Ascaris lumbricoides is the giant roundworm of humans, belonging to the phylum Nematoda. An ascarid nematode, it is responsible for the disease ascariasis in humans, and it is the largest and most common parasitic worm in humans. One quarter of the human population is estimated to be infected by this parasite. Ascariasis is prevalent worldwide and more so in tropical and subtropical countries.
It can reach a length of up to 35 cm.
Ascaris lumbricoides, or "roundworm", infections in humans occur when an ingested infective egg releases a larval worm that penetrates the wall of the duodenum and enters the blood stream. From here, it is carried to the liver and heart, and enters pulmonary circulation to break free in the alveoli, where it grows and molts. In 3 weeks, the larvae pass from the respiratory system to be coughed up, swallowed, and thus returned to the small intestine, where they mature to adult male and female worms. Fertilization can now occur and the female produces as many as 200,000 eggs per day for a year. These fertilized eggs become infectious after 2 weeks in soil; they can persist in soil for 10 years or more.
The eggs have a lipid layer, that makes them resistant to the effects of acids and alkalis as well as other chemicals. This resilience helps to explain why this nematode is such a ubiquitous parasite.
Ascaris lumbricoides is characterized by its great size. Males are 2–4 mm in diameter and 15–31 cm long. The males' posterior end is curved ventrally and has a bluntly pointed tail. Females are 3–6 mm wide and 20–49 cm long. The vulva is located in the anterior end and accounts for about a one third of its body length. Uteri may contain up to 27 million eggs at a time with 200,000 being laid per day. Fertilized eggs are oval to round in shape and are 45-75 micrometers long and 35-50 micrometers wide with a thick outer shell. Unfertilized eggs measure 88-94 micrometers long and 44 micrometers wide.
More than 1 billion people are affected by this infection. In the United States there is a reported prevalence of 0.8% of the total population as of 1987. Ascaris lumbricoides eggs are extremely resistant to strong chemicals, desiccation, and low temperatures. The eggs can remain viable in the soil for several months or even years.

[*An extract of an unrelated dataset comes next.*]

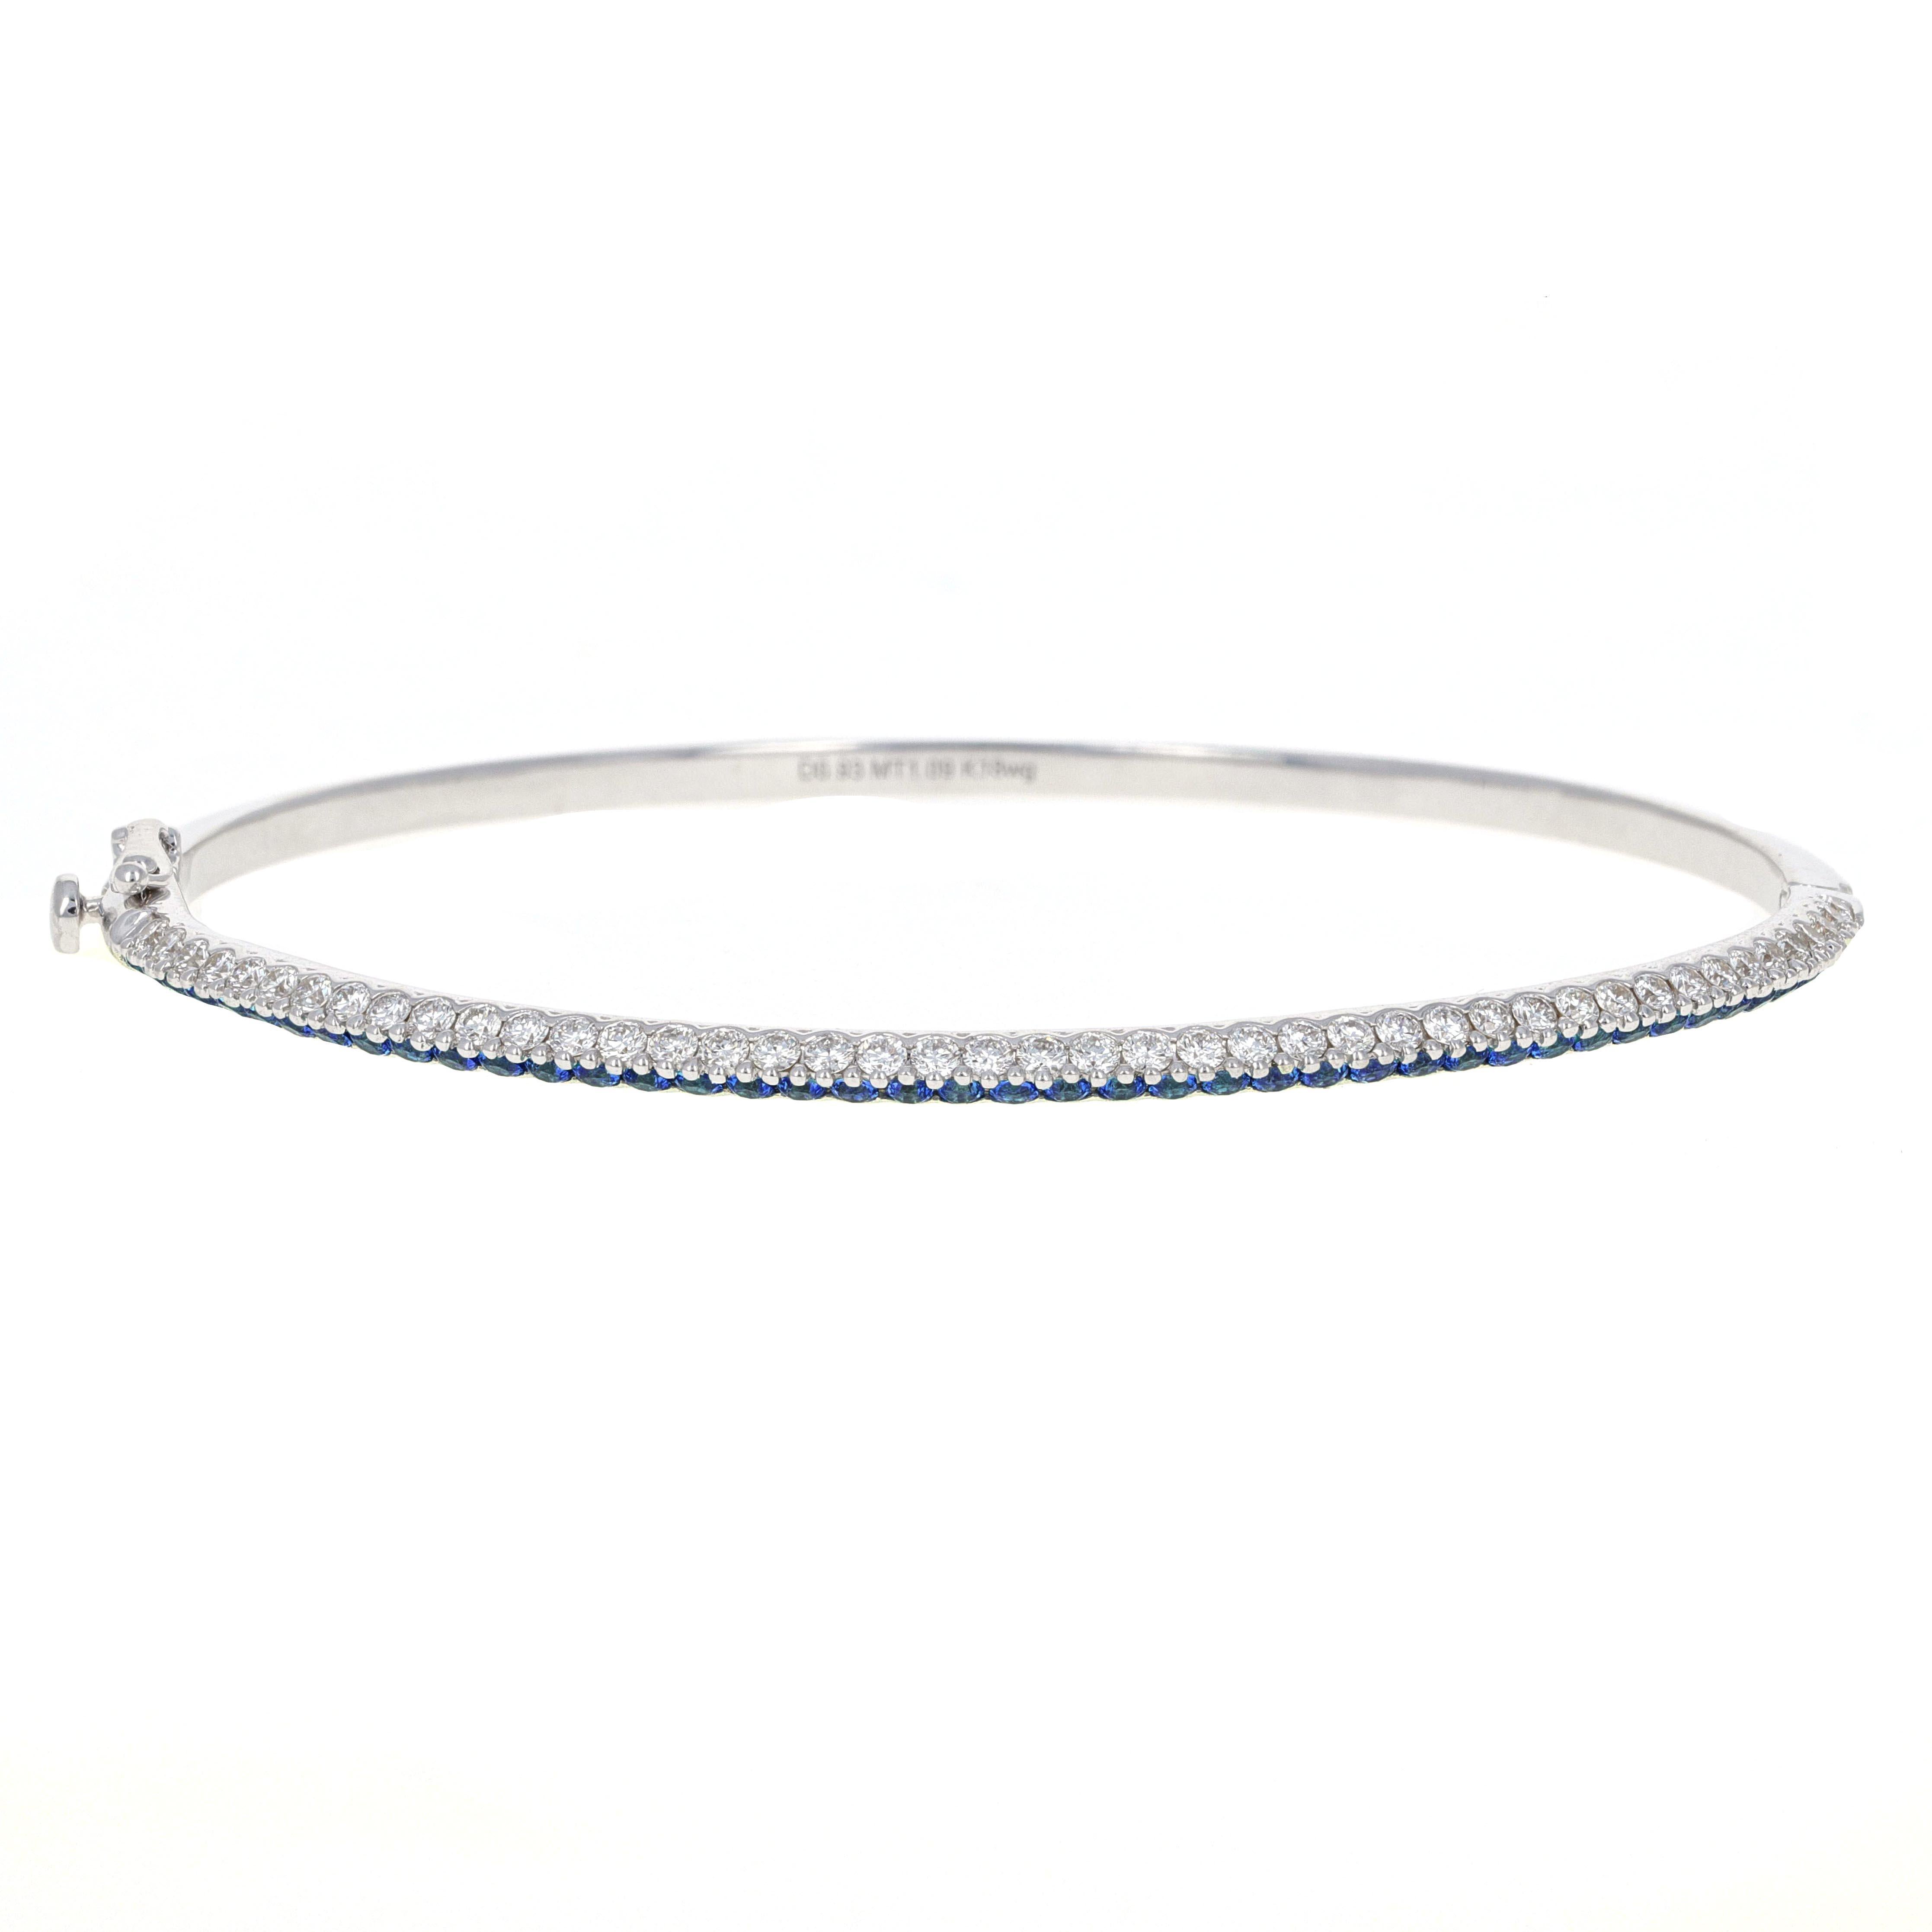 Handmade 18 karat white gold blue sapphire and diamond bangle. The bangle has 44 round brilliant white diamonds weighing a total of 0.93 carats. There is also 44 blue sapphires weighing a total of 1.29 carats total weight.
This bangle is very

Often, there are no symptoms with an A. lumbricoides infection. However, in the case of a particularly bad infection, symptoms may include bloody sputum, cough, fever, abdominal discomfort, passing worms, etc.
Preventing any fecal-borne disease requires educated hygienic habits/culture and fecal treatment systems once a year. This is particularly important with ascaris because its eggs are one of the most difficult pathogens to kill (second only to prions), and the eggs commonly survive 1-3 years. Ascaris lives in the intestine where it lays eggs. Infection occurs when the eggs, too small to be seen by the unaided eye, are eaten. The eggs may get onto vegetables when improperly processed human feces of infected people are used as fertilizer for food crops. Infection may occur when food is handled without removing or killing the eggs on the hands, clothes, hair, raw vegetables/fruit, or cooked food that is (re)infected by handlers, containers, etc. Bleach does not readily kill Ascaris eggs but it will remove their sticky film, to allow the eggs to be rinsed away. Ascaris eggs can be reduced by hot composting methods, but to completely kill them may require rubbing alcohol, iodine, specialized chemicals, cooking heat, or "unusually" hot composting (for example, over 120 degrees Fahrenheit for 24 hours ).
Details of infection process
Infections happen when a human swallows water or food contaminated with unhatched juveniles. The juveniles hatch in the duodenum (1st section of small intestine). They then penetrate the mucosa and submucosa and enter venules or lymphatics. Next they pass through the right heart and into pulmonary circulation. They then break out of the capillaries and enter the air spaces. Acute tissue reaction occurs when several worms get lost during this migration and accumulate in other organs of the body. The juveniles migrate from the lung up the respiratory tract to the pharynx where they are swallowed. They begin producing eggs within 60–65 days of being swallowed. These are produced within the small intestine where the juveniles mature. It might seem odd that the worms end up in the same place where they began. One hypothesis to account for this behavior is that the migration mimics an intermediate host, which would be required for juveniles of an ancestral form to develop to the third stage. Another possibility is that tissue migration enables faster growth and larger size, which increases reproductive capacity.
Diagnosis and treatment
Infections can be treated with drugs called ascaricides. The treatment of choice is Mebendazole. The drug functions by binding to tubulin in the worms' intestinal cells and body-wall muscles. Nitazoxanide and ivermectin can also be used.